I read the source code and compare the result of the two implementation and the result is different. The original one use mean and sqrt to calculate the stddev, and the corresponding result is different from torch.std. Then I code this exactly following the original implementation:

def minibatch_stddev_layer(x, group_size=4):
    group_size = min(group_size, x.shape[0])        # Minibatch must be divisible by (or smaller than) group_size.
    s = x.shape                                                       # [NCHW]  Input shape.
    y = torch.reshape(x.clone(), [group_size, -1, s[1], s[2], s[3]])  # [GMCHW] Split minibatch into M groups of size G.
    # y = torch.tensor(y, dtype=torch.float32)                     # [GMCHW] Cast to FP32. My PyTorch already run in f32
    y -= torch.mean(y, dim=0, keepdim=True)                           # [GMCHW] Subtract mean over group.
    y = torch.mean(torch.square(y), dim=0)                            # [MCHW]  Calc variance over group.

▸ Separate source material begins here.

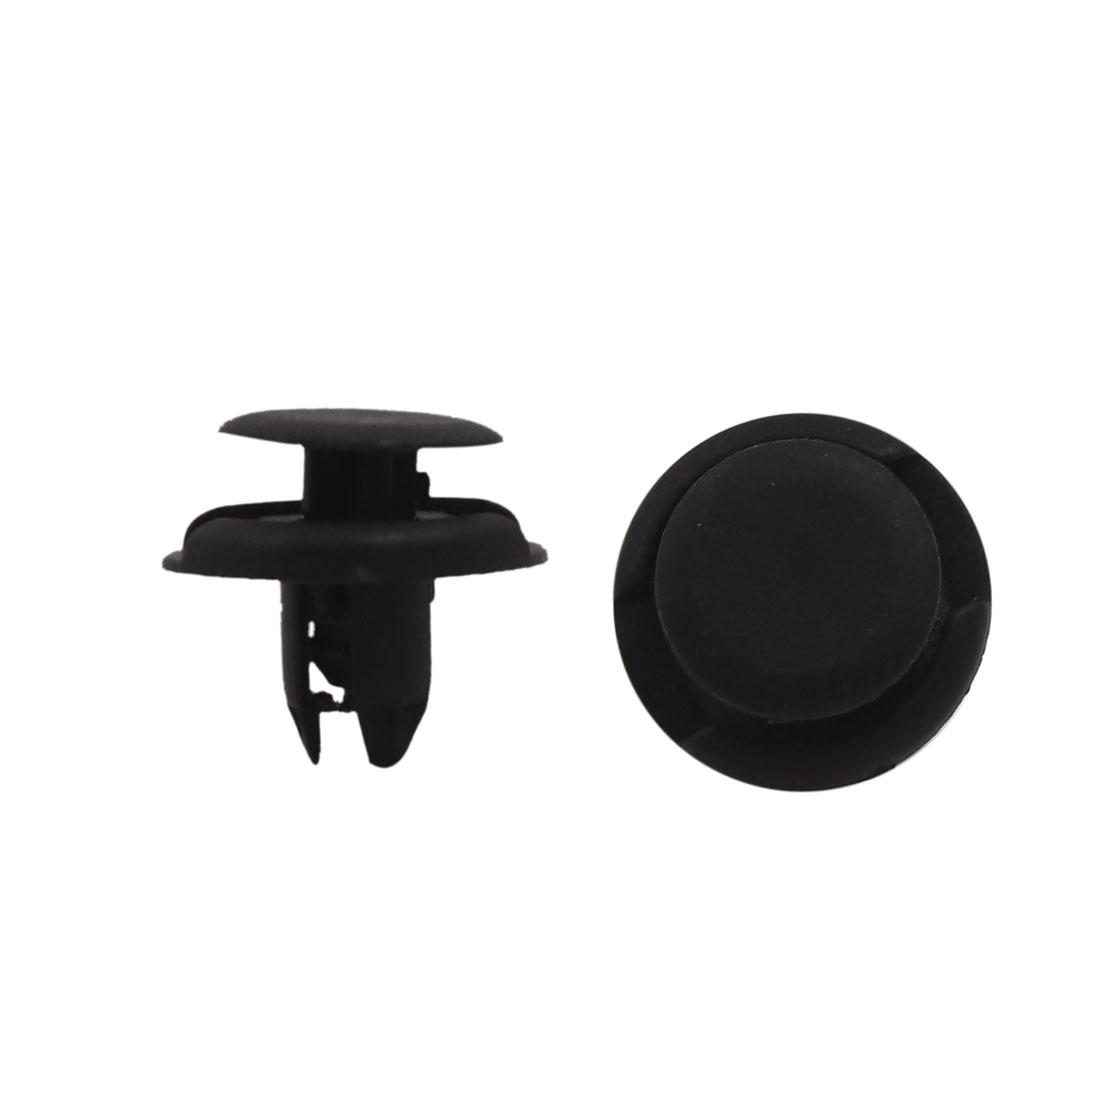 100 Pcs 8mm Hole 19mm Head Plastic Rivets Fastener Push Clips for Bumper Fender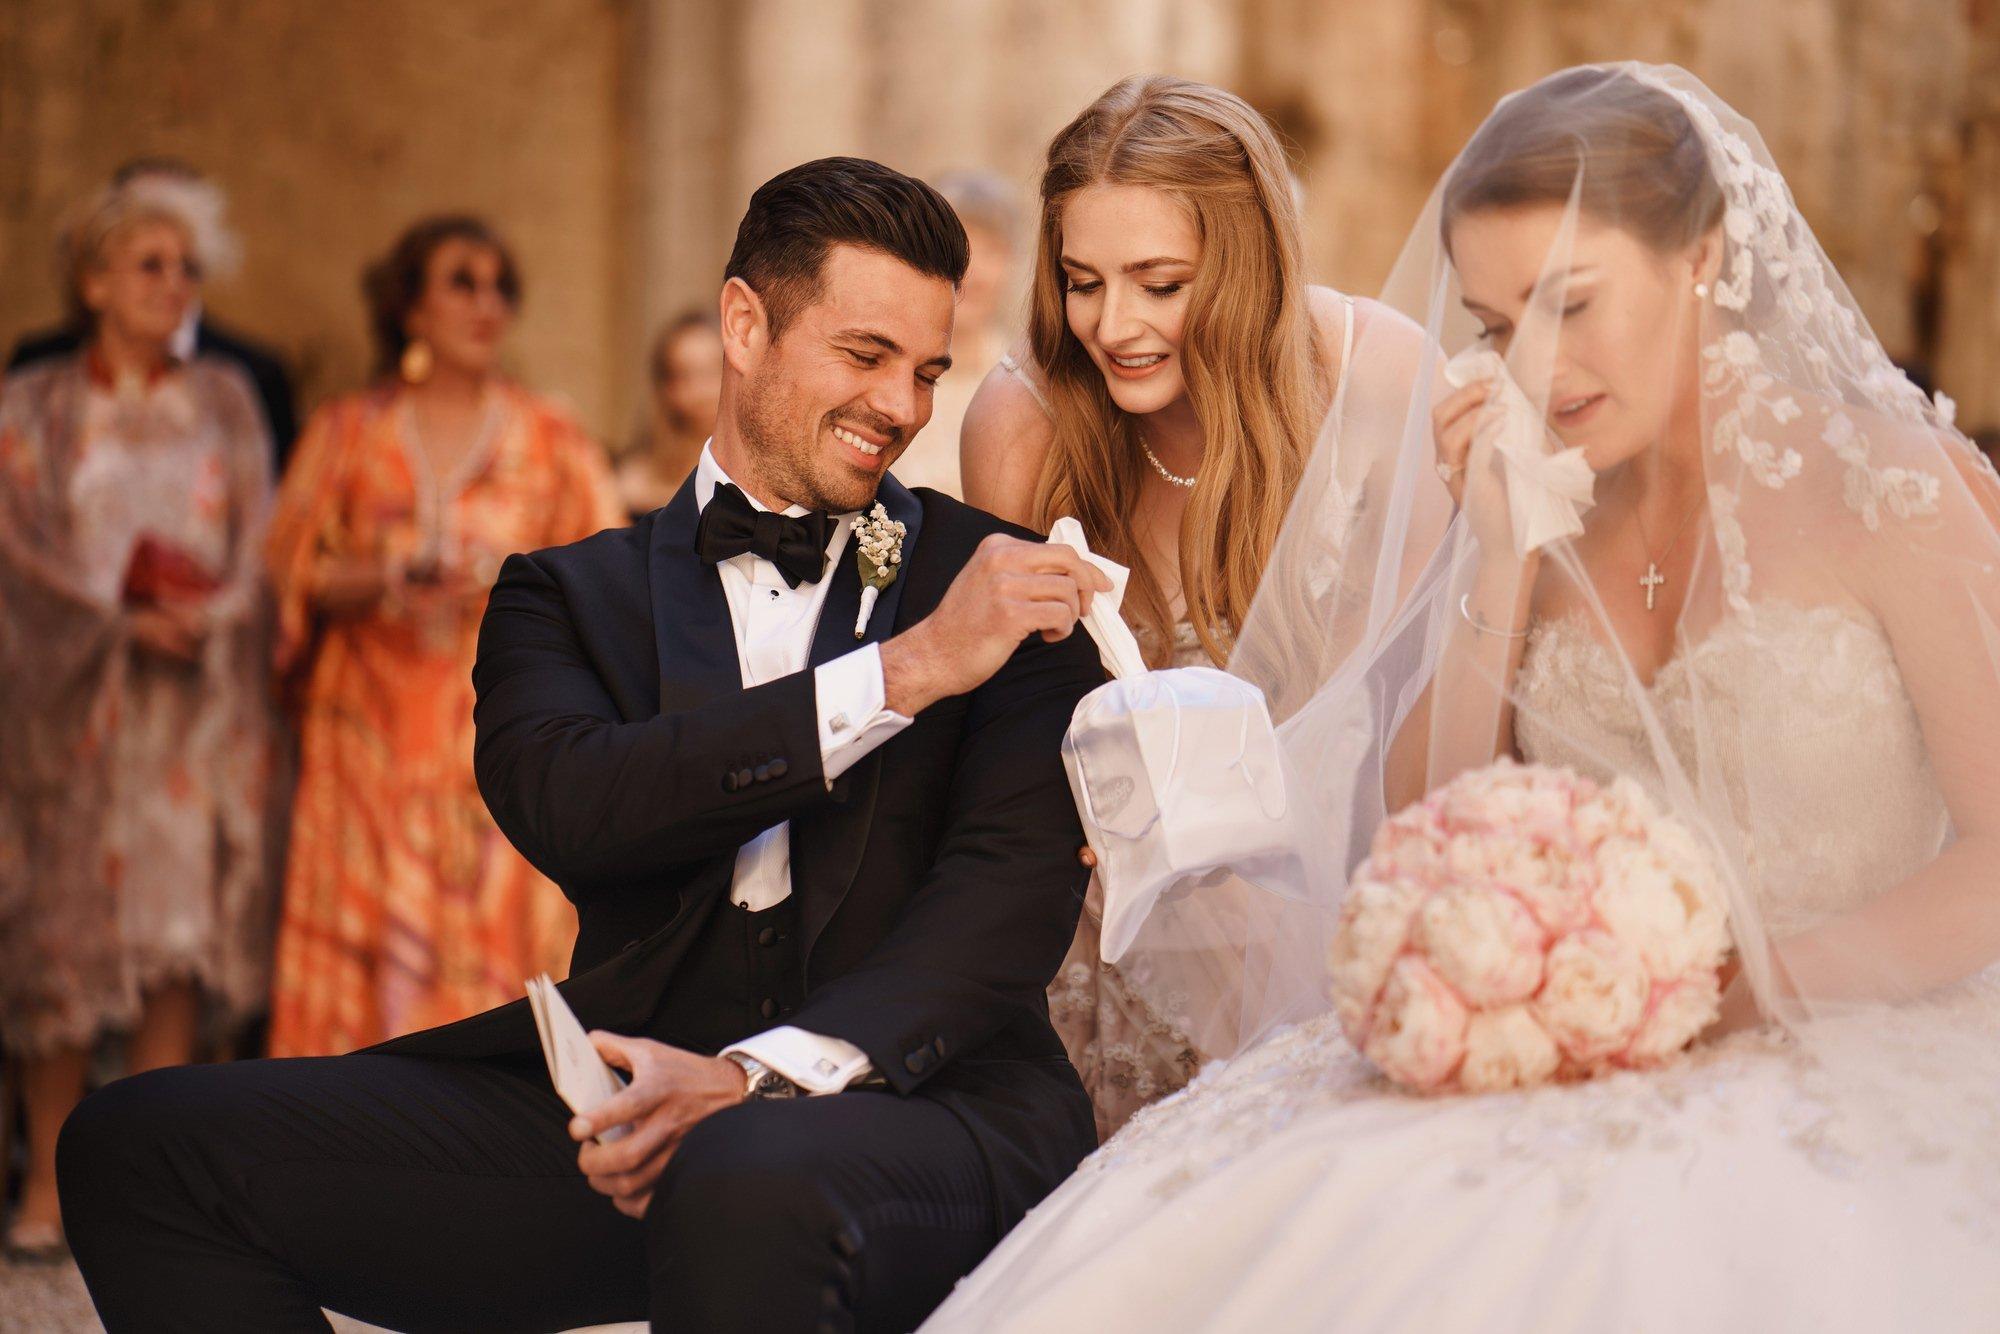 San Galgano Abbey Weddings - Luxury Destination Wedding Photography by ARJ Photography

    y = torch.sqrt(y + 1e-8)                                          # [MCHW]  Calc stddev over group.
    y = torch.mean(y, dim=[1,2,3], keepdim=True)                      # [M111]  Take average over fmaps and pixels.
    # y = torch.tensor(y, dtype=x.dtype)                              # [M111]  Cast back to original data type.
    y = torch.tile(y, [group_size, 1, s[2], s[3]])                    # [N1HW]  Replicate over group and pixels.
    return torch.cat([x, y], dim=1)                                   # [NCHW]  Append as new fmap.

If it is necessary I would like to make a pull request.